=== DATA EXTRACT ===

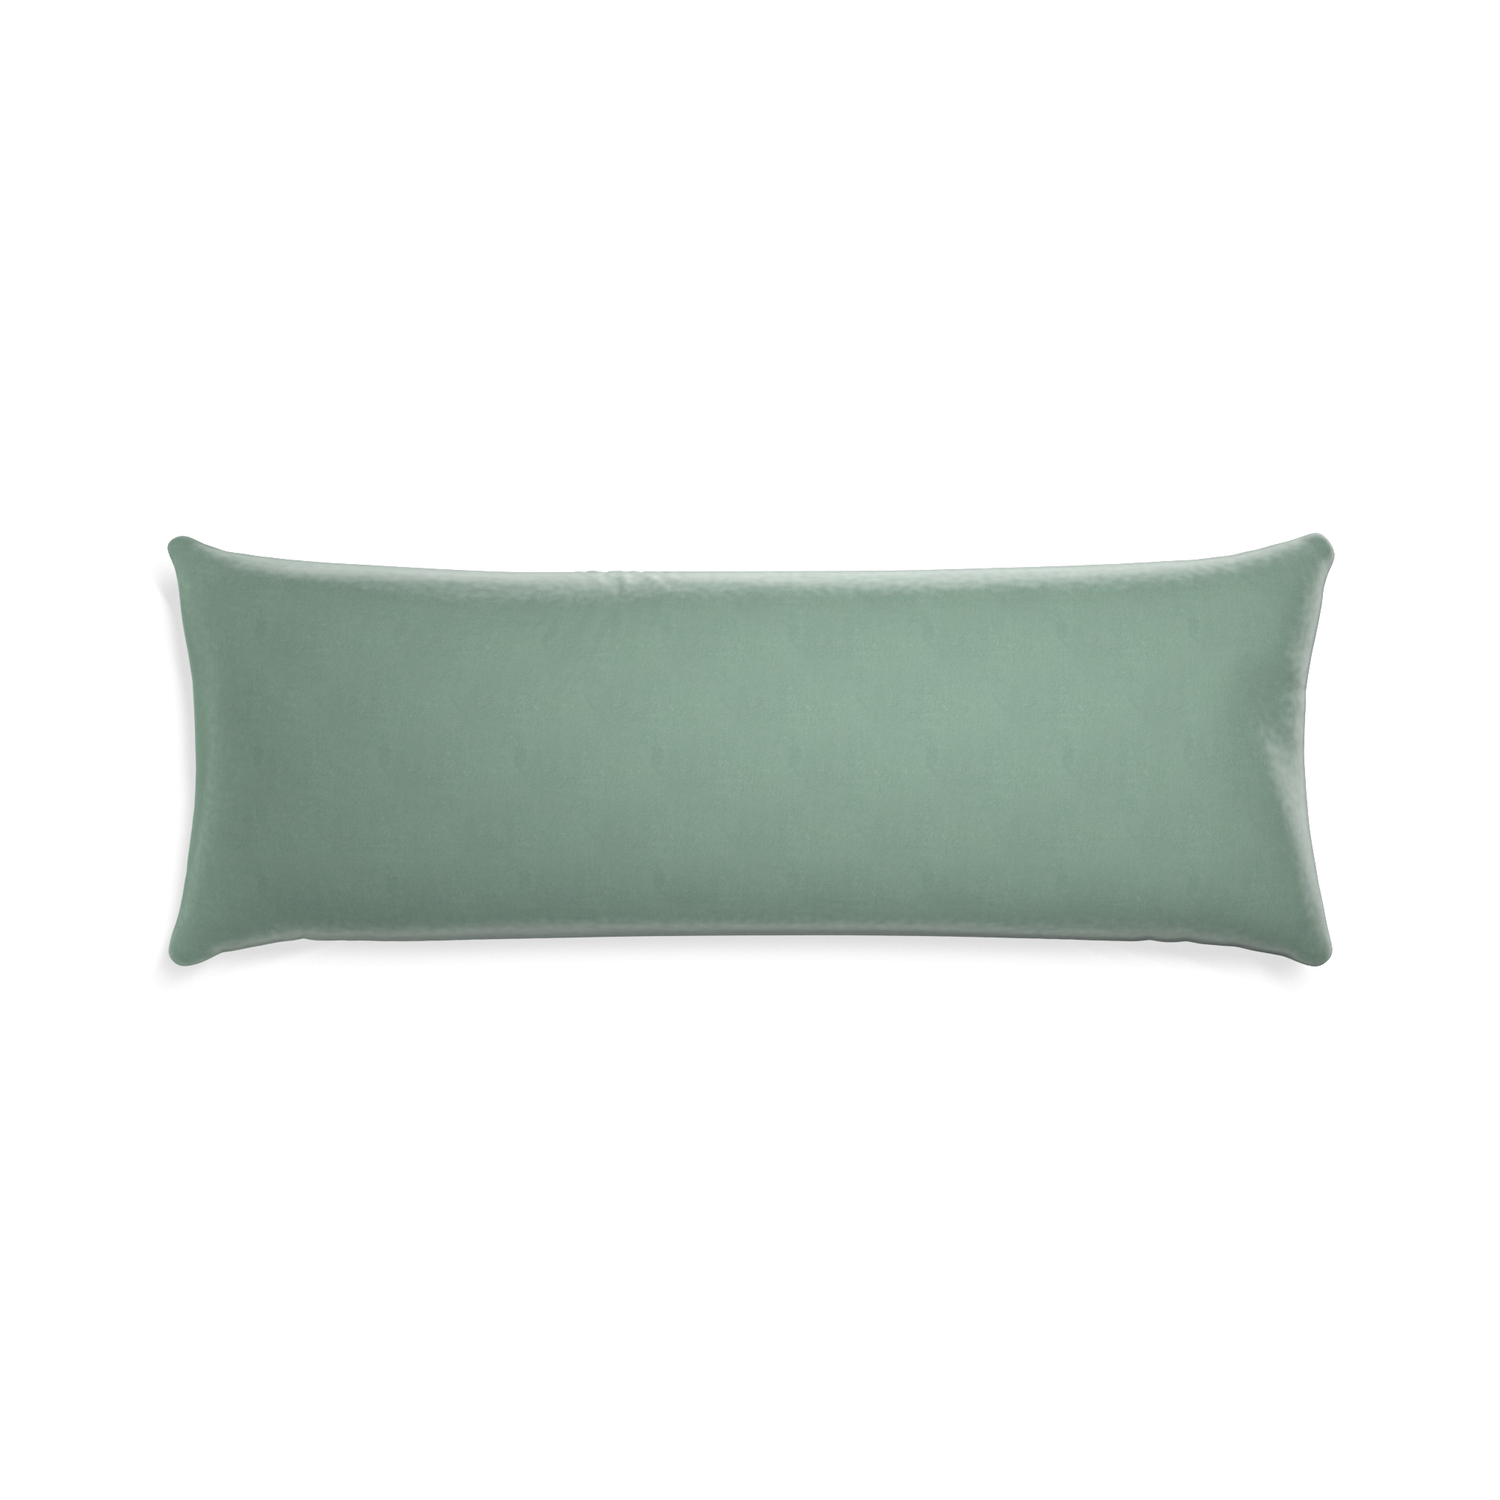 rectangle blue green velvet pillow
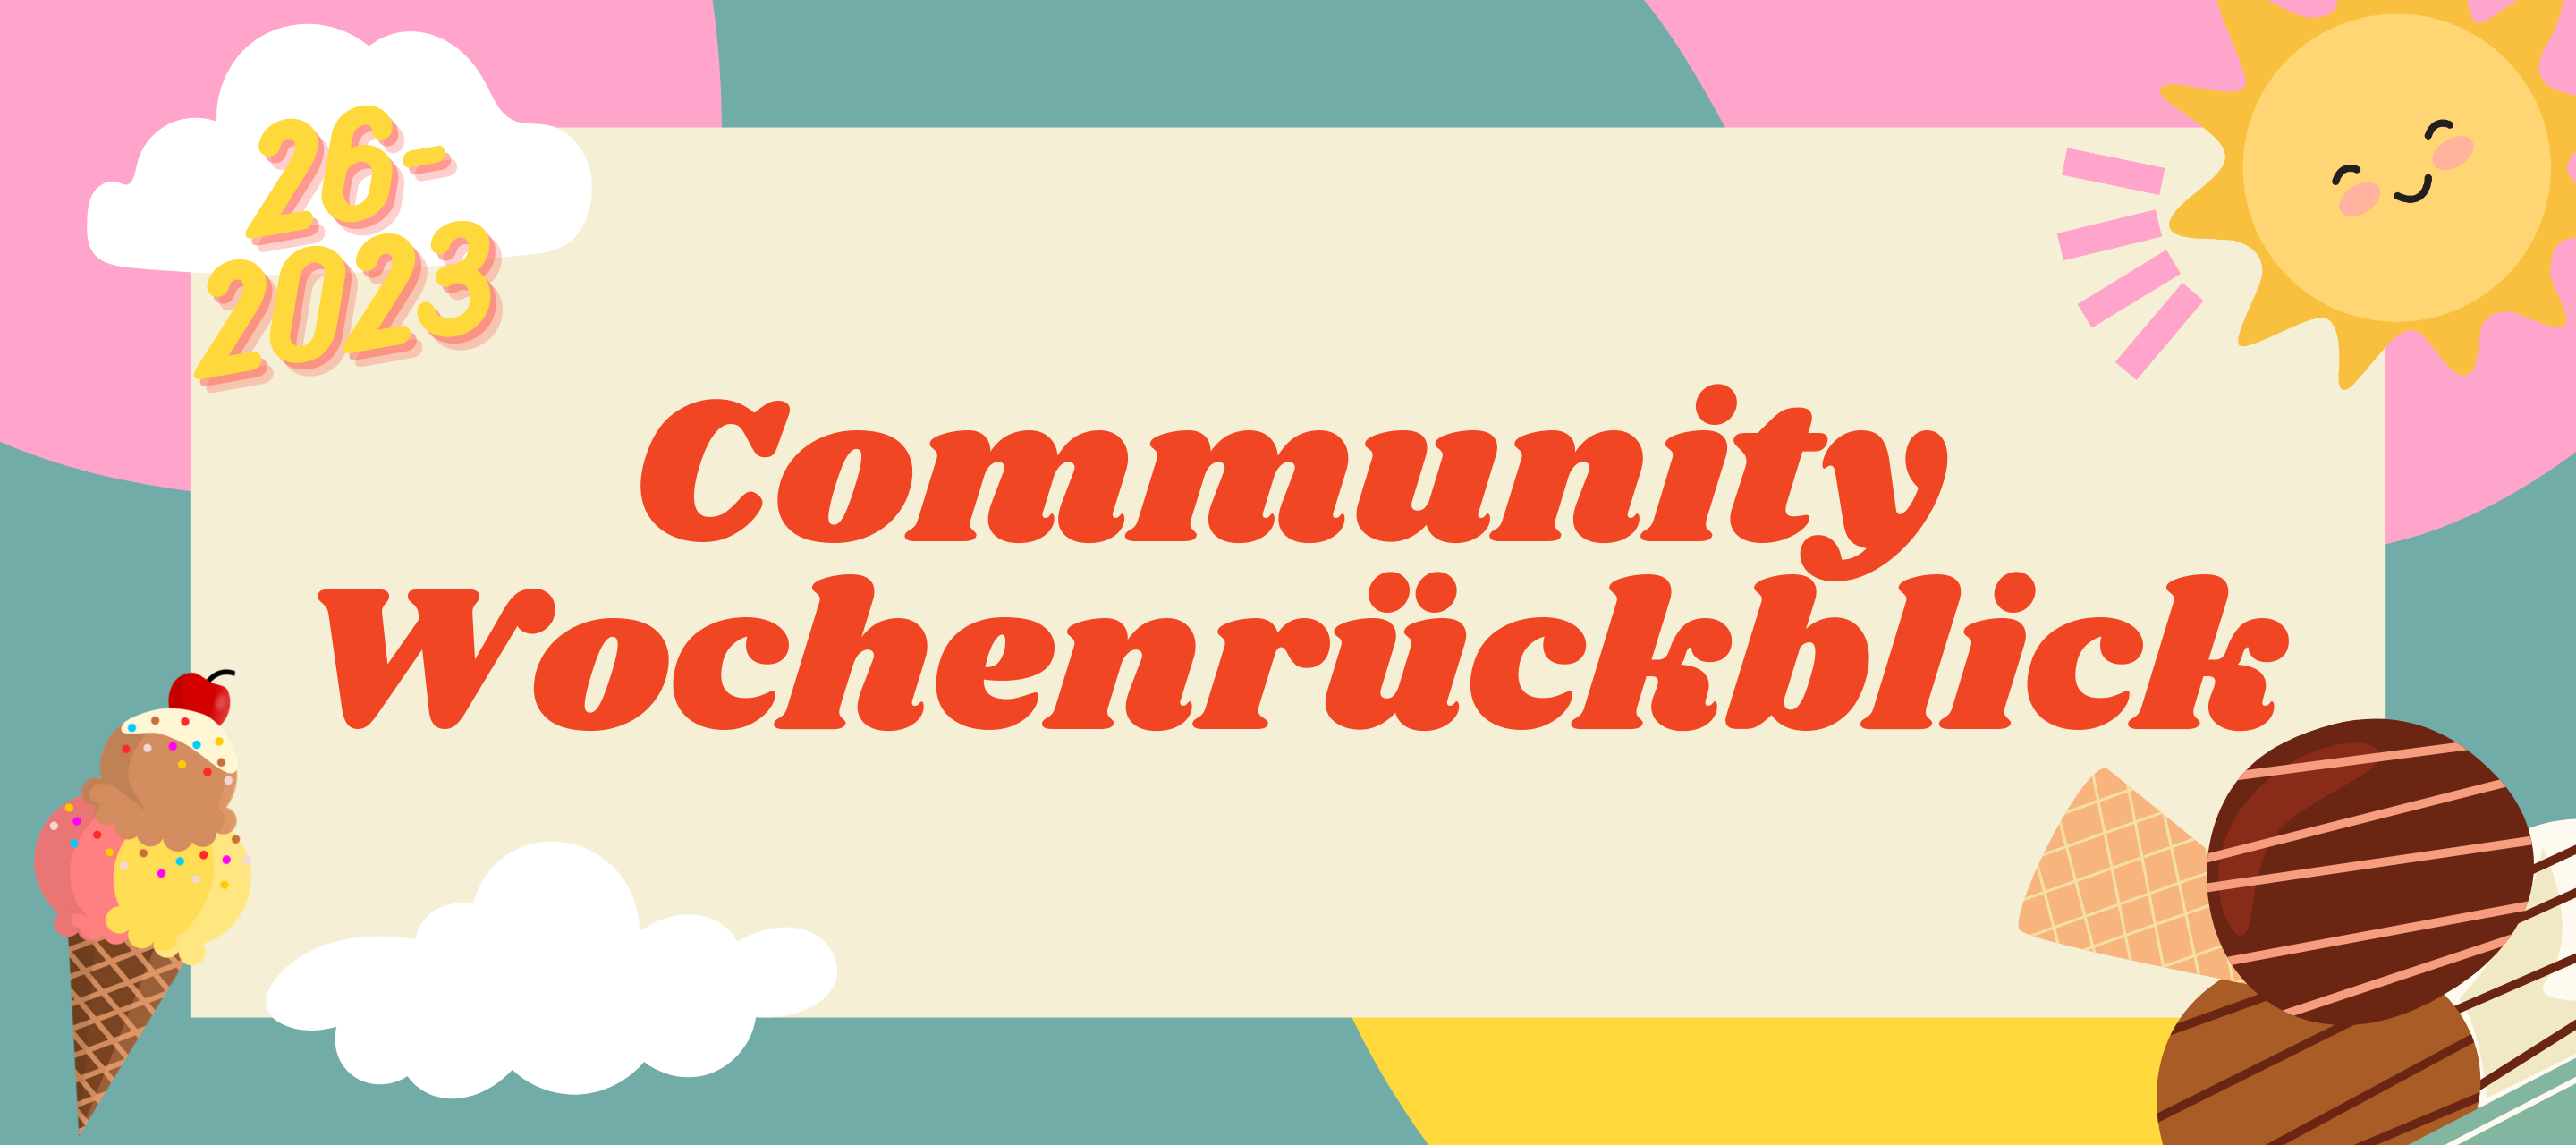 Community Wochenrückblick #26 2023 - Sommer, Sonne, Eiscremezeit
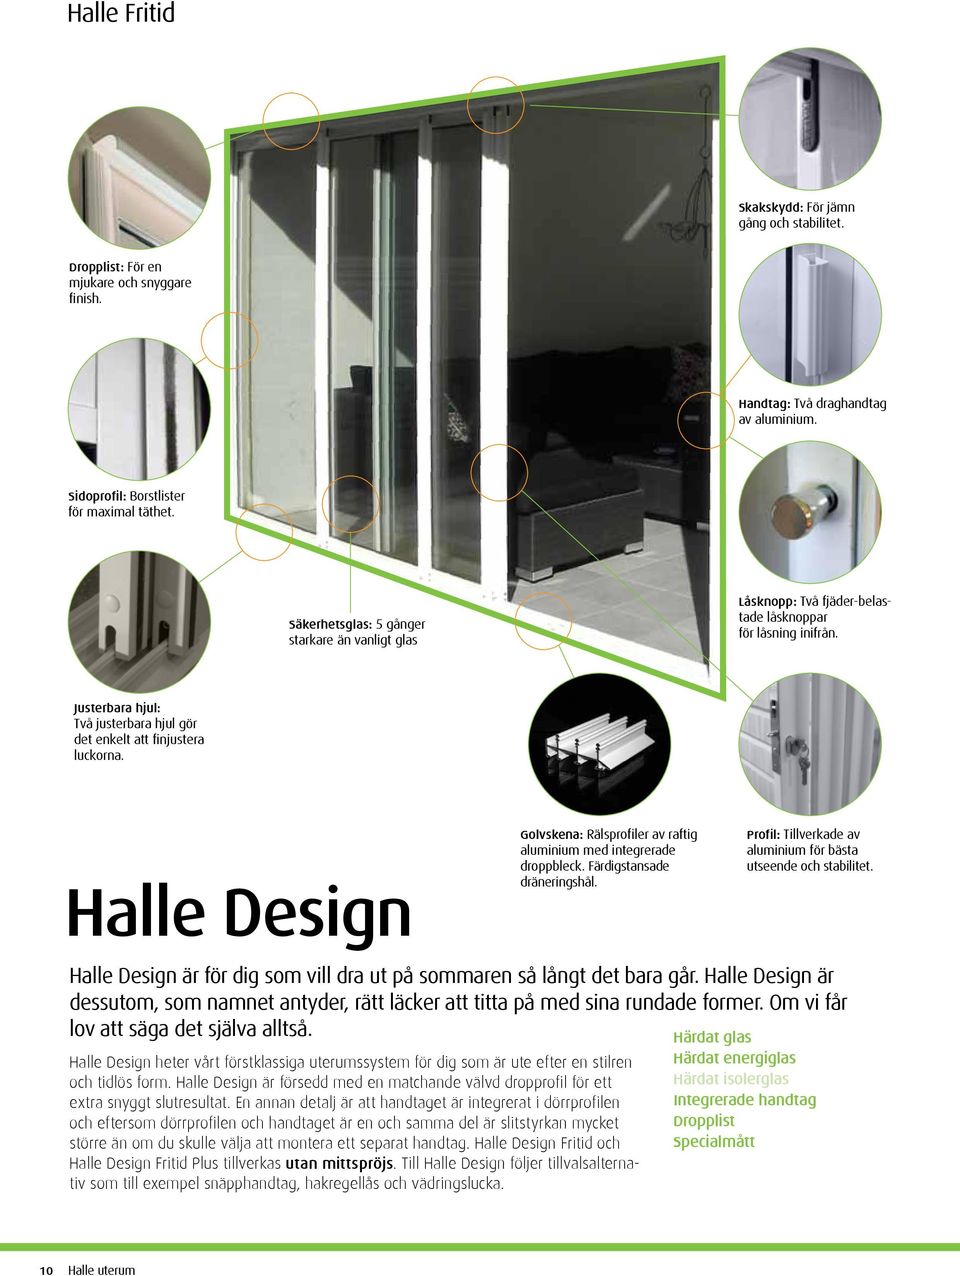 Halle Design Golvskena: Rälsprofiler av raftig aluminium med integrerade droppbleck. Färdigstansade dräneringshål. Profil: Tillverkade av aluminium för bästa utseende och stabilitet.

===

**TASK PROMPT:** Omit every picture, then repeat the remaining data exactly as it appears above.

**ANSWER BOX:**
 rectangle blue green velvet pillow
 Community Wochenrückblick #26 2023 - Sommer, Sonne, Eiscremezeit
 Halle Design Golvskena: Rälsprofiler av raftig aluminium med integrerade droppbleck. Färdigstansade dräneringshål. Profil: Tillverkade av aluminium för bästa utseende och stabilitet.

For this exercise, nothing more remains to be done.